Monday, October 03, 2016 11:40:33 PM
“Nymox has completed and fully financed the execution of seven Phase 3 U.S. BPH (prostate enlargement) clinical protocols, including 2 prospective randomized multicenter single injection double blind clinical trials; 2 U.S. repeat injection clinical trials; and 3 U.S. blinded long-term clinical trial extension studies. In addition, a number of Phase 3 safety and clinical pharmacology studies and analyses have been completed. The Company expects to file for approvals in the next 1-2 quarters. The Company also expects to report further analyses and results when available in the near future. The Company will publish the findings of the fexapotide clinical trials in peer review medical journals as well as in presentations at medical and urological meetings.
“These prospective study results in blinded placebo crossover patients clearly demonstrate that fexapotide reduces the long-term need for surgery by 82-95% compared to approved conventional BPH treatments”, said Dr.

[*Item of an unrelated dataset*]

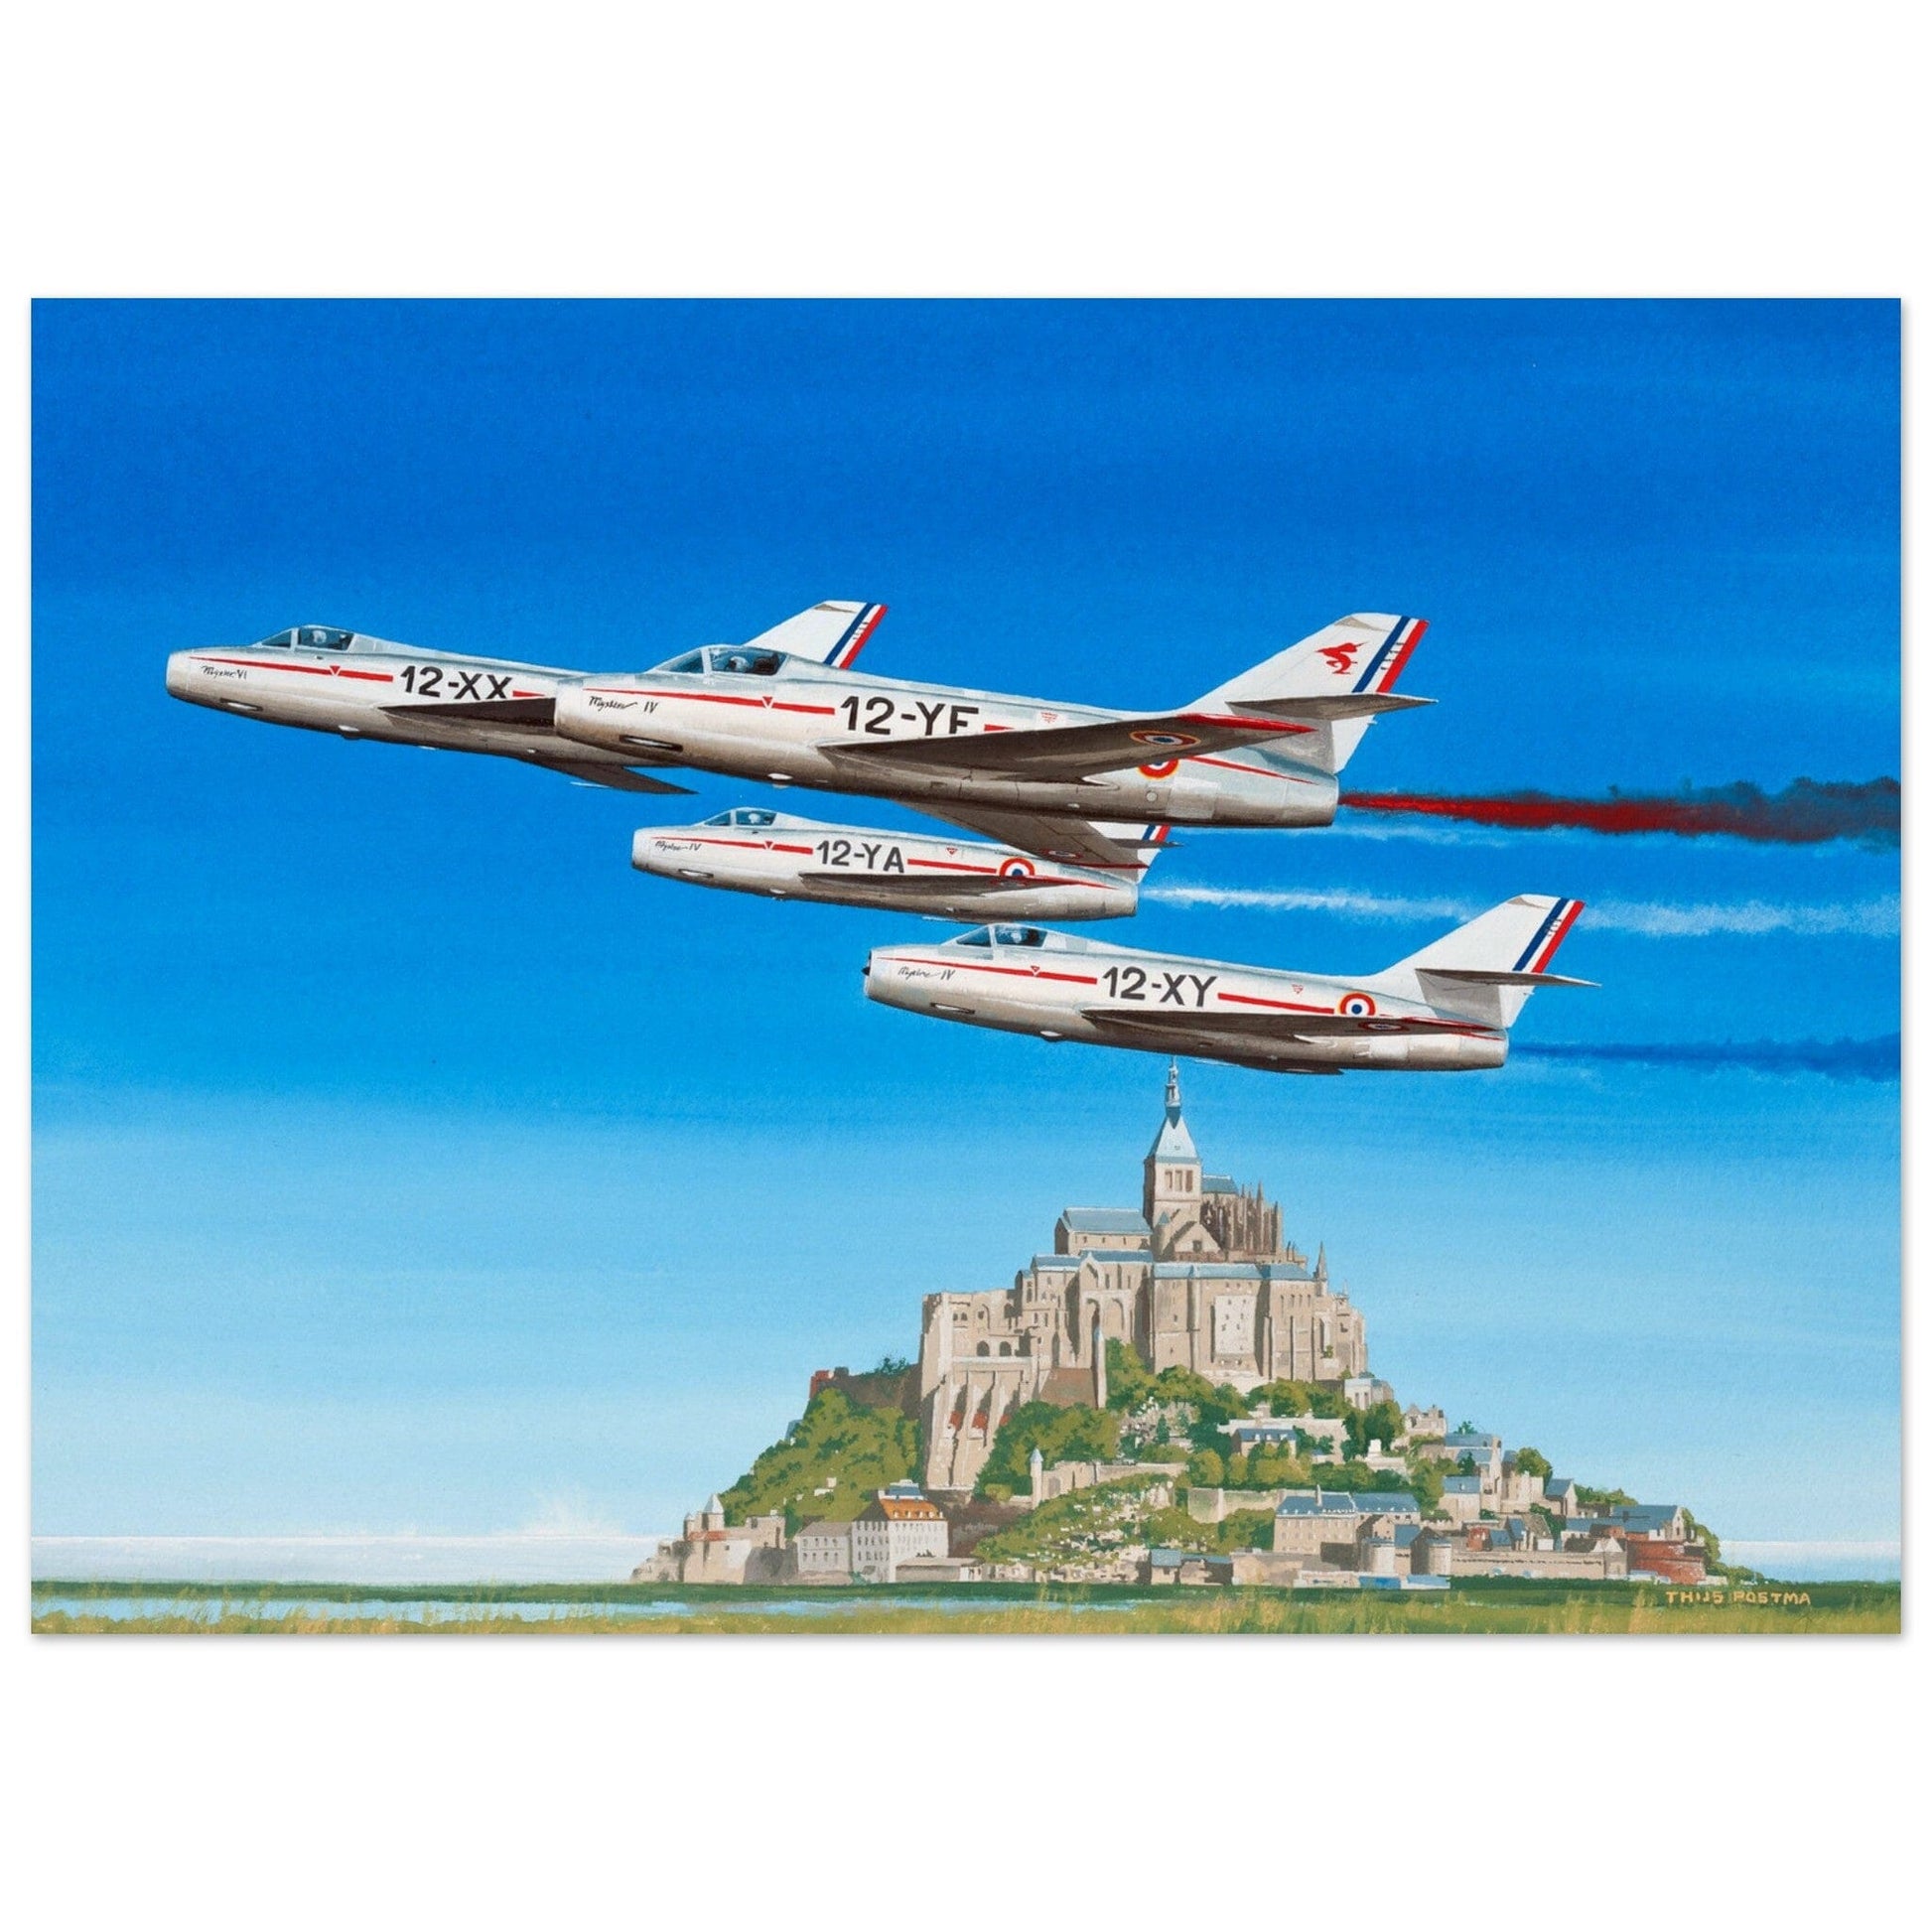 Thijs Postma - Poster - Dassault Mystère IV Patrouille de France Poster Only TP Aviation Art 50x70 cm / 20x28″ 
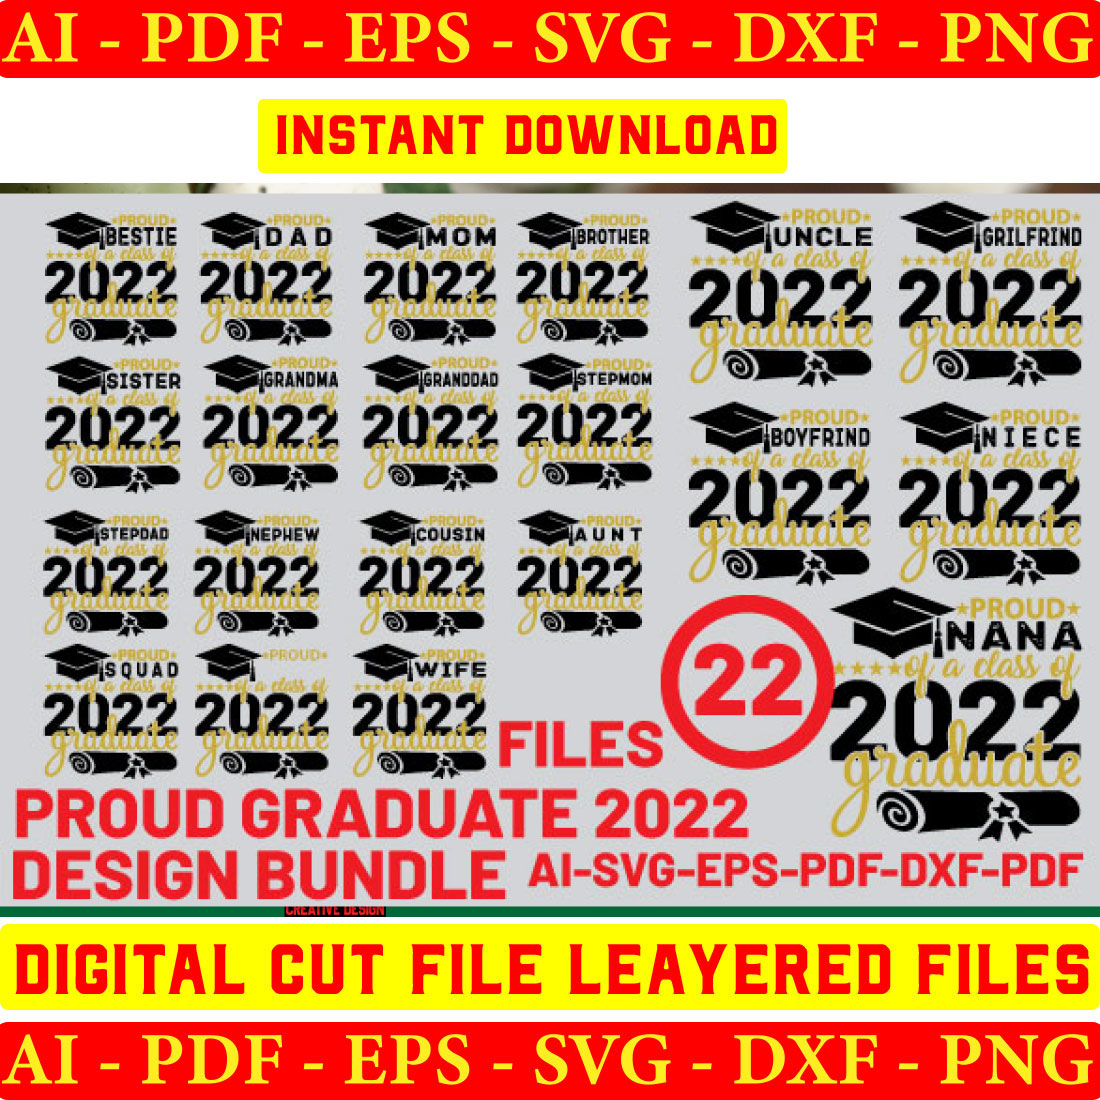 Proud Graduate 2022 Family SVG Bundle cover image.

Paul Averback MD, CEO of Nymox. “Fexapotide shows significant efficacy against prostate cancer as a therapeutic, and in addition has been shown to reduce the risk of prostate cancer when fexapotide is used to treat BPH. This is in stark contrast to some conventional BPH treatments in routine clinical use today which on the other hand increase prostate cancer risk, and which have many other well known undesirable side effects,” said Dr. Averback.”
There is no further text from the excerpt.